First things first, install git 1.8.2 or newer and then install git-lfs (See here)

Create a new repo

git init .
echo Hello World > README.md
git add README.md
git commit -m "Initial commit"

Let's create some more files

ls > foo.txt
ls > bar.txt

And add them to git

git add foo.txt bar.txt

You should already have git-lfs installed. To ensure that git-lfs is setup correctly in your git configuration files use the git lfs install command:

git lfs install

Now let's add some large files to be tracked by git-lfs:

head -c 1M /dev/urandom > cat.bin
head -c 1M /dev/urandom > dog.bin

Now we are going ensure that git-lfs is tracking the large *.bin files we just created. Tracking means that in subsequent commits, these files will now be LFS files.

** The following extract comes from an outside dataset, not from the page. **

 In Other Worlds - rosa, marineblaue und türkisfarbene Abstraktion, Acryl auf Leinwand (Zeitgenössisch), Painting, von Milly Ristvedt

Note: This does NOT mean that versions of the files in previous commits will be converted. That involves a process commonly known as "rewriting history" and is described in the migration section.

We do this by setting a track pattern, using the git lfs track command.

git lfs track '*.bin'

This tells git-lfs to track all files matching the *.bin pattern. The quotes around the *.bin are there to prevent the shell from expanding *.bin, else you would end up only tracking cat.bin dog.bin, and no other bin in the future.

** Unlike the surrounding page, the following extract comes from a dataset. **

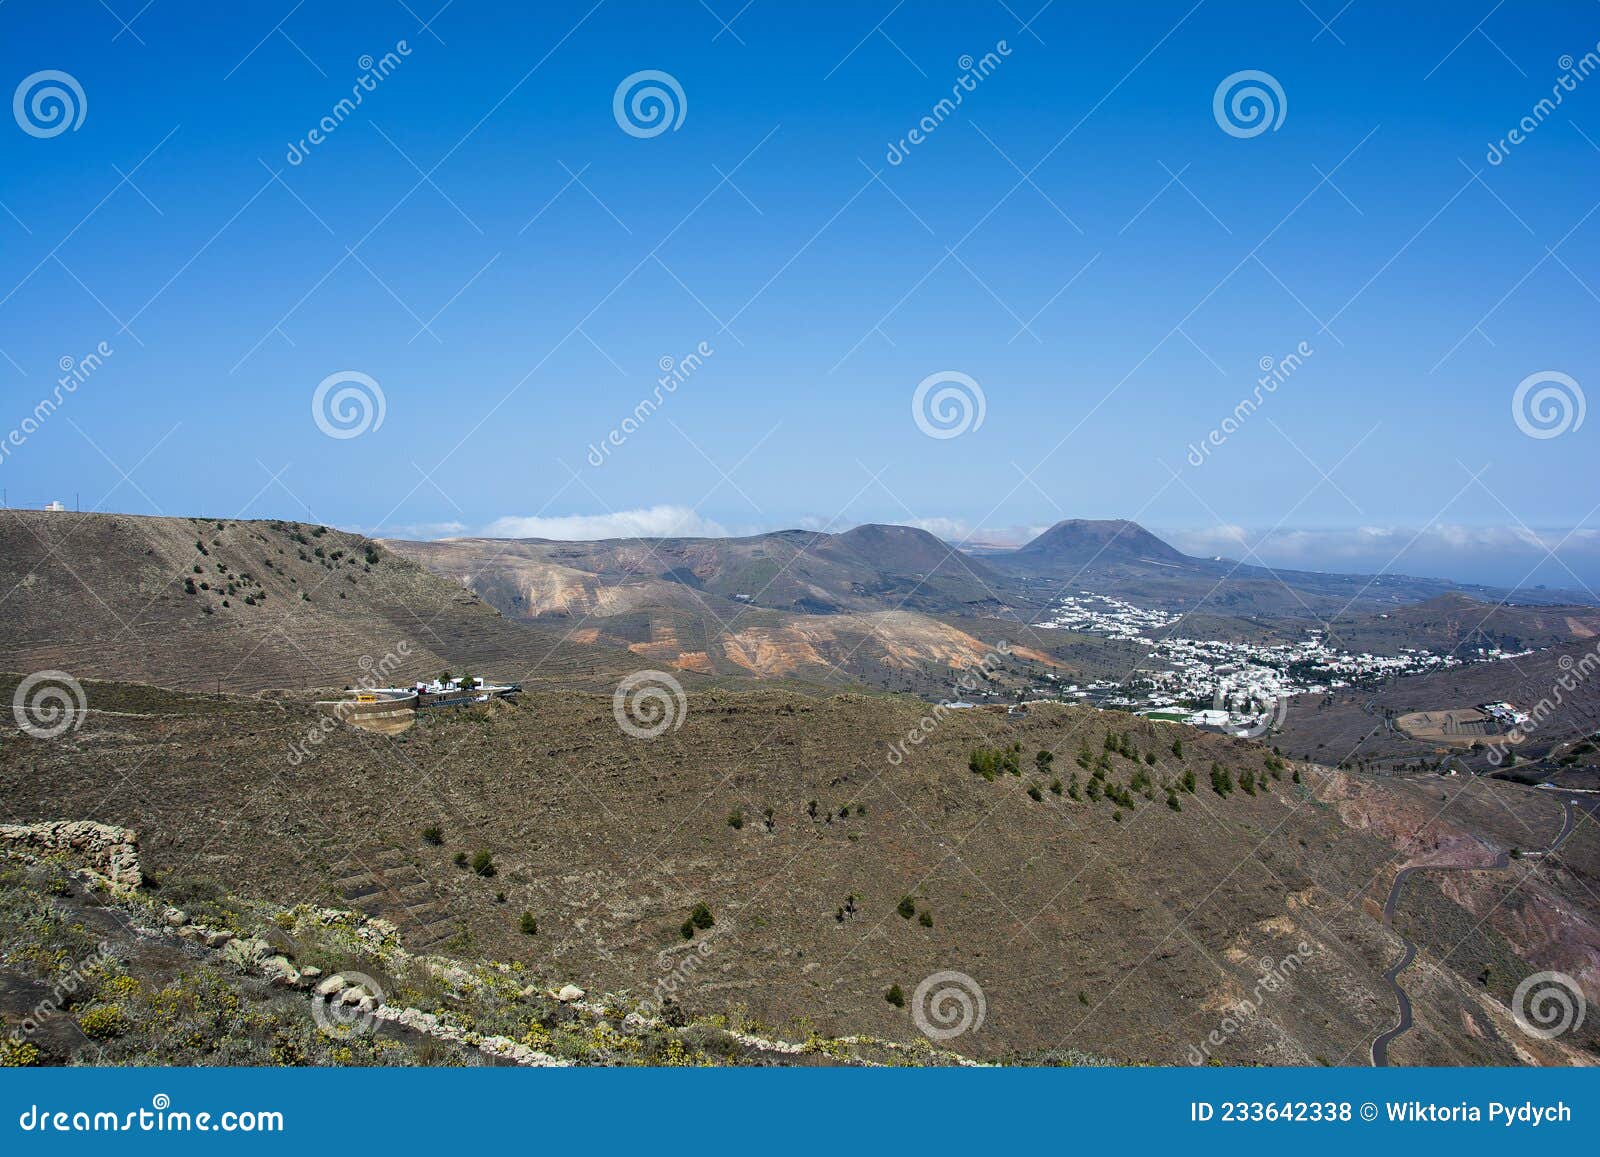 rare lanzarote landscape - monte corona

To see a list of all patterns currently being track by git-lfs, run git lfs track with no arguments

Listing tracked paths
    *.bin (.gitattributes)

To see the list of files being track by git-lfs, run git lfs ls-files. You will see that this list is currently empty. This is because technically the file isn't an lfs object until after you commit it.

Next, you need to add .gitattributes to your git repository. git lfs track stores the tracked files patterns in .gitattributes. This way when the repo is cloned, the track files patterns are preserved. We can also add the *.bin files now that they are tracked via git-lfs.

git add .gitattributes "*.bin"

Now git status should look like this.

On branch master
Changes to be committed:
  (use "git reset HEAD <file>..." to unstage)

        new file:   .gitattributes
        new file:   bar.txt
        new file:   cat.bin
        new file:   dog.bin
        new file:   foo.txt

Finally, commit the new files

git commit -m "Add files"

Now, when you run git lfs ls-files, you will see the list of tracked files

f05131d24d * cat.bin
7db207c488 * dog.bin

LFS URL

When using a git server that supports lfs, the lfs url defaults upon clone/adding a remote. However, sometimes the LFS server and git server are two separate services (such as the lfs-test-server).

To see the lfs url, run git lfs env

git-lfs/1.1.1 (GitHub; windows amd64; go 1.5.3; git 7de0397)
git version 2.6.4.windows.1

Endpoint=https://example.com/path/myrepo.git/info/lfs (auth=none)
Endpoint (upstream)=example.com/path/myrepo.git/info/lfs (auth=none)
LocalWorkingDir=C:\src\myrepo
LocalGitDir=C:\src\myrepo\.git
LocalGitStorageDir=C:\src\myrepo\.git
LocalMediaDir=C:\src\myrepo\.git\lfs\objects
TempDir=C:\src\myrepo\.git\lfs\tmp
ConcurrentTransfers=3
BatchTransfer=true
git config filter.lfs.smudge = "git-lfs smudge %f"
git config filter.lfs.clean = "git-lfs clean %f"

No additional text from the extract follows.